Canadian Municipal Governments Support Efforts to Bring Down eBook Prices for Public Libraries
5 Mar 2016
The Federation of Canadian Municipalities (FCM) has approved a resolution calling for action from the federal government on ebooks. This resolution requests that the Department of Canadian Heritage and the Department of Innovation, Science and Economic Development investigate restrictive ebook prices to public libraries.
From the Ottawa Public Library Board:
Ottawa – The Ottawa Public Library is pleased that the Federation of Canadian Municipalities (FCM) has approved a resolution calling for action from the federal government on ebooks. This resolution requests that the Department of Canadian Heritage and the Department of Innovation, Science and Economic Development investigate restrictive ebook prices to public libraries.
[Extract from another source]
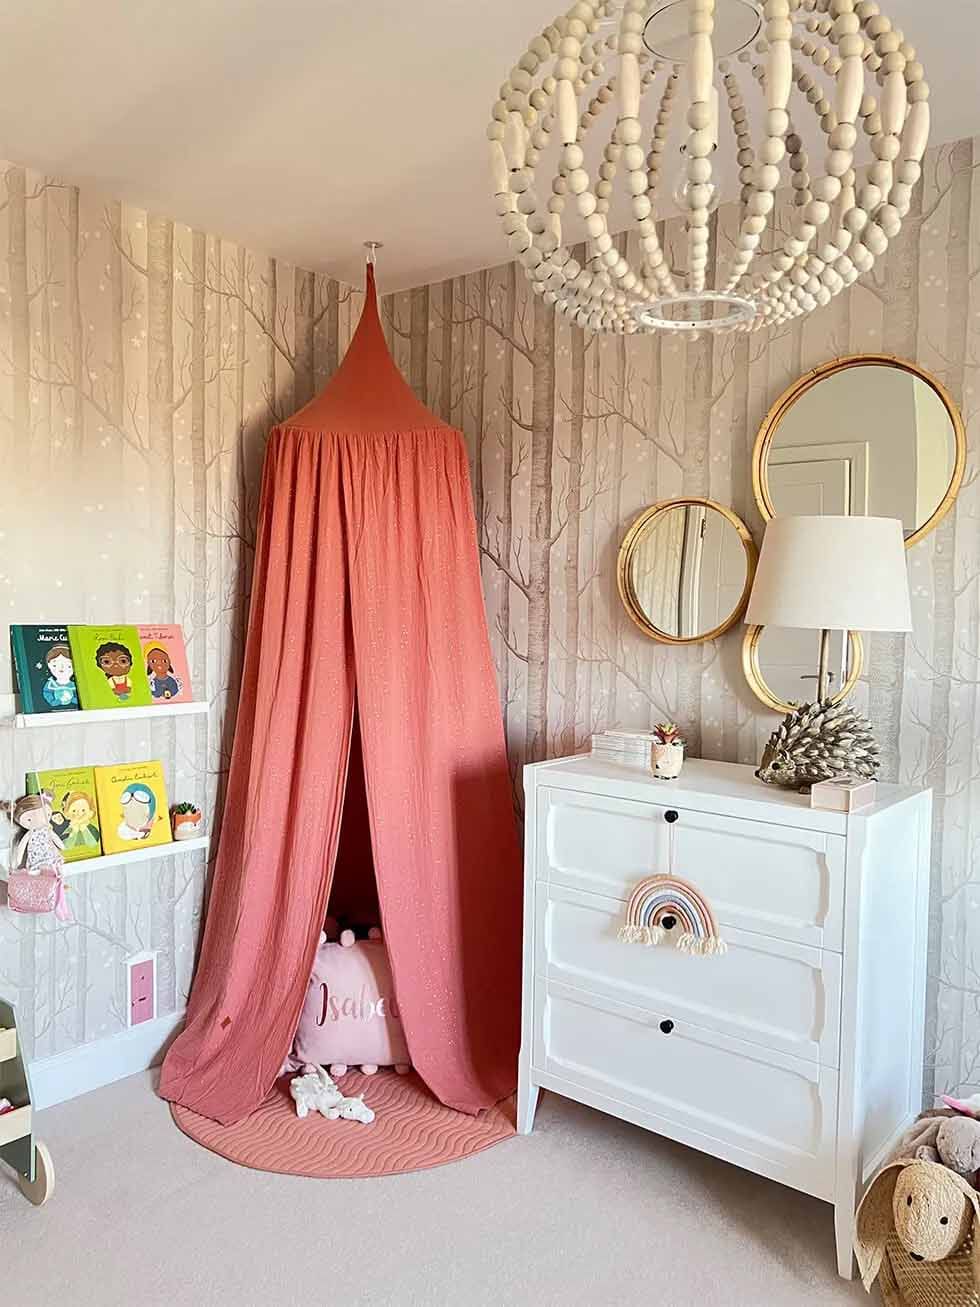 Kids fairytale themed bedroom with pink canopy and wallpaper

It was moved by Councillor Tim Tierney on behalf of the City of Ottawa.
“We are happy to see that municipal leaders from across Canada have recognized a need for action on library ebook pricing,” said Tim Tierney, Ottawa City Councillor for Beacon Hill-Cyrville and Chair of the Ottawa Public Library Board. “More and more library customers are looking to the convenience and flexibility of ebook borrowing, but the cost of providing them with materials they expect has been unsustainably high and has often come with unpredictable terms.”
Libraries can pay three to five times more for ebooks than the consumer price from some multinational publishers. In other cases, publishers place caps and time limits on use. This leads to fewer titles and fewer copies for readers to discover, despite growing demand and borrowing rates. Penguin Random House recently took a step in the right direction by announcing a plan to reduce library ebook pricing. Public libraries have recently sent a public letter to publishers calling for them to develop a hybrid solution to this matter, which allows flexibility for long- and short- term library ebook purchases.
“We believe that there’s a real opportunity for the library and publishing communities to work together to develop a solution that balances all parties’ needs and puts the interests of library customers first,” said Danielle McDonald, CEO of the Ottawa Public Library.
“We are glad that FCM has formally taken a stand on this important matter,” concluded Tierney. “This is a sign of real leadership in addressing a growing and important challenge for libraries in their municipalities and, ultimately, the residents that they represent.”
The Ottawa Public Library is a member of Canadian Public Libraries for Fair Ebook Pricing, a coalition made up of the Canadian Urban Libraries Council, Edmonton Public Library, Toronto Public Library, and others to raise awareness of challenges faced by public libraries as a result of high ebook prices charged by multinational publishers. More information on the campaign is a available at www.fairpricingforlibraries.org.